Type As abound among trial lawyers, TV performers, salesmen, auto racers and newspaper reporters. There seem to be more Type Bs among patent attorneys, government clerks and accountants.
The Mount Zion researchers can’t say precisely what produces a Type A personality, but they suspect that parental and social expectations play a large role. Most parents want their children to succeed, so they encourage, even force, them to
compete in school and outside. (Psychiatrists say some people spend their lifetimes trying to live up to impossible expectations instilled in them by their parents.) And Western society undeniably encourages Type A behavior by offering special rewards to those who can think, perform, communicate, and conduct their affairs more quickly and more aggressively than others. “For many, the stress has become almost unbearable ” says, Dr. Friedman. “Everybody is selling his time for money and the ‘good things’ money can buy.
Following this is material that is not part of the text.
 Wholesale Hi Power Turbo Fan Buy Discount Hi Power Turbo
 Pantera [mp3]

Many parole officers tell me they have to acclimate long-term prisoners to this increased pace of society before they are released.”
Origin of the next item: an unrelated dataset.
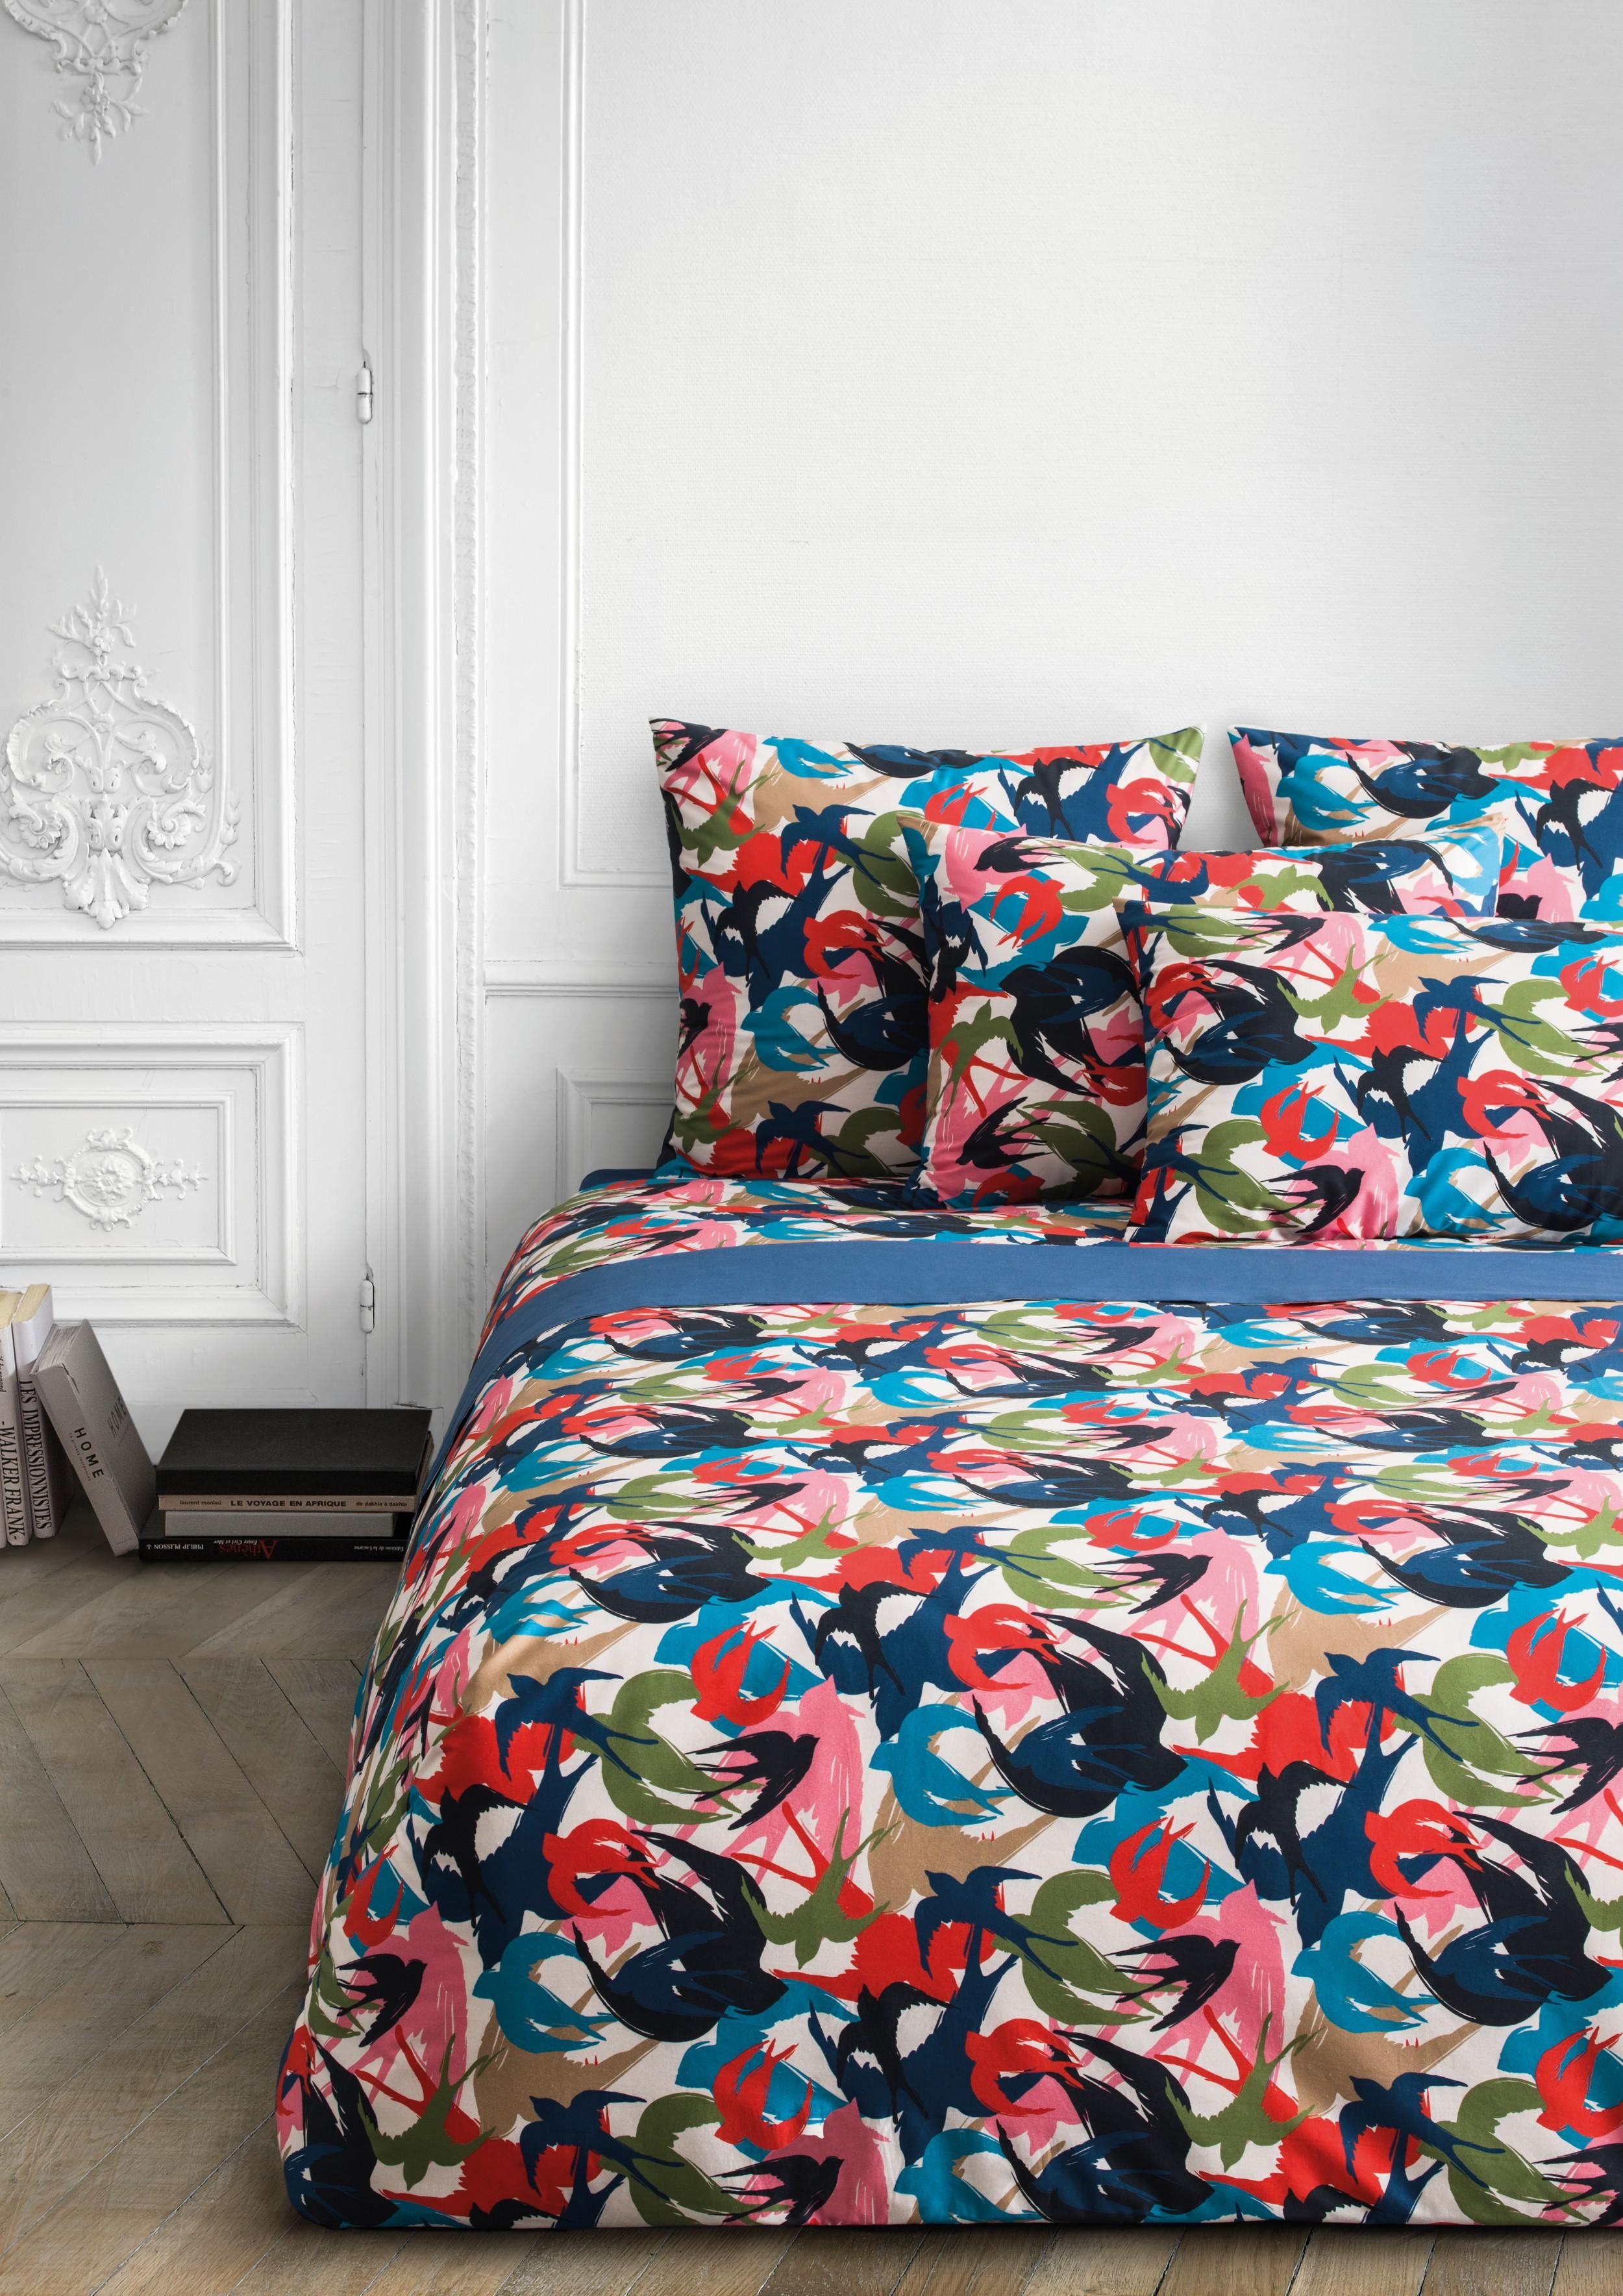 rue de fleurus sonia rykiel. Black Bedroom Furniture Sets. Home Design Ideas

Type A behavior, then, is an outward expression of inner turmoil and desires. But the Mount Zion group has found that stress afflicting Type As apparently produces important physical changes as well, changes that may explain why Type As are far more susceptible to heart attacks. Type As have high cholesterol; increased norepinephrine, a vital chemical of the nervous system’, increased ACTH, a hormone that stimulates the adrenal glands; and low levels of growth hormone. Also, their blood clots faster than normal, and autopsy studies show that Type As average twice as much hardening of the coronary arteries as Type Bs. There is no scientific evidence as yet that changing a person’s behavior will prolong his life, although clinical impressions suggest that people who do change lengthen and improve the quality of their lives. Friedman himself suffered mild heart attacks in 1966 and 1971 and another attack in 1974. necessitating surgery. The attacks left him pondering his future. With some effort. he says, he managed to change some of his Type A behavior through what he calls ”re-engineering” and others call “behavior modification.” He and Rosenman have written a book, titled Type A Behavior and Your Heart, in which they outline some steps to help those who also want to “re-engineer”.
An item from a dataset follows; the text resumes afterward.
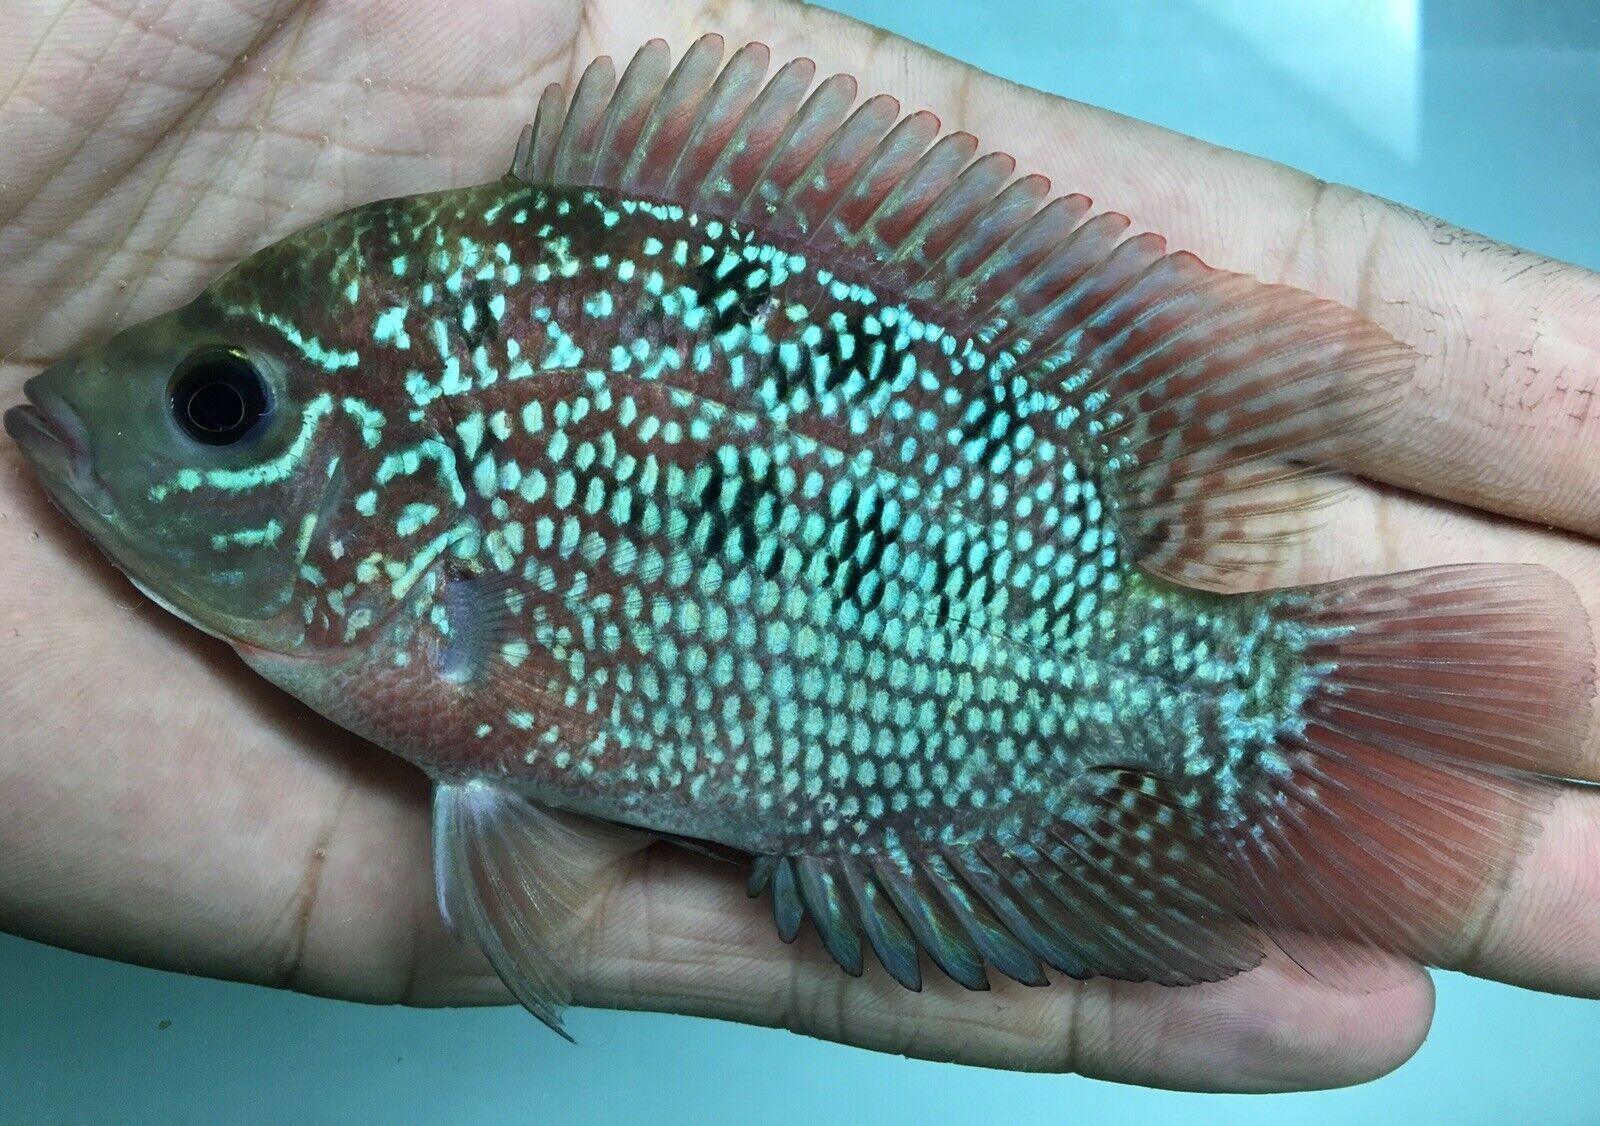 Flowerhorn Female Kamfa High Aquarium fish, Cichlids, Fish

Curing “hurry sickness” is basic, and part of the cure lies in realizing that relaxation is not a luxury but a necessity. The Mount Zion doctors urge eliminating unnecessary events and activities; getting up 15 minutes early to give yourself more time to dress and talk with the family; slowing down your pace of eating and drinking; taking time alone to read, dream, and analyze your life. “As you sweat over something.” they say, “ask yourself if it’s really going to make a difference in your life five years from now.”
The two researchers strongly urge doing one thing at a time. “Remember,” they write, “that even Einstein, when tying his shoelaces, thought chiefly about the bow.” Make an effort to pay attention to people. Focus on what they are saying; don’t let your mind wander. If you find something you are doing tends to induce tension writing reports, balancing your checkbook, ironing take short breaks. And if a particular individual constantly angers you. find ways to avoid him or her. Perhaps the best thing to do about hostility is to keep reminding yourself you’re hostile, Friedman says.
This is a forewarned-is-forearmed approach. The thought will surface as your temper rises, and help you realize what’s happening. Then you can check your outburst.
lf all this sounds a bit like pop psychology, well, in a way it is. And if it seems rather hard to apply in real life, it is that, too. But the alternative, the doctors suggest, is even more unpleasant. ”if you don’t also change your Type A behavior patterns” says Rosenman, “other protective measures against heart attack–a healthy diet, exercises, no smoking–may be largely a waste of time.”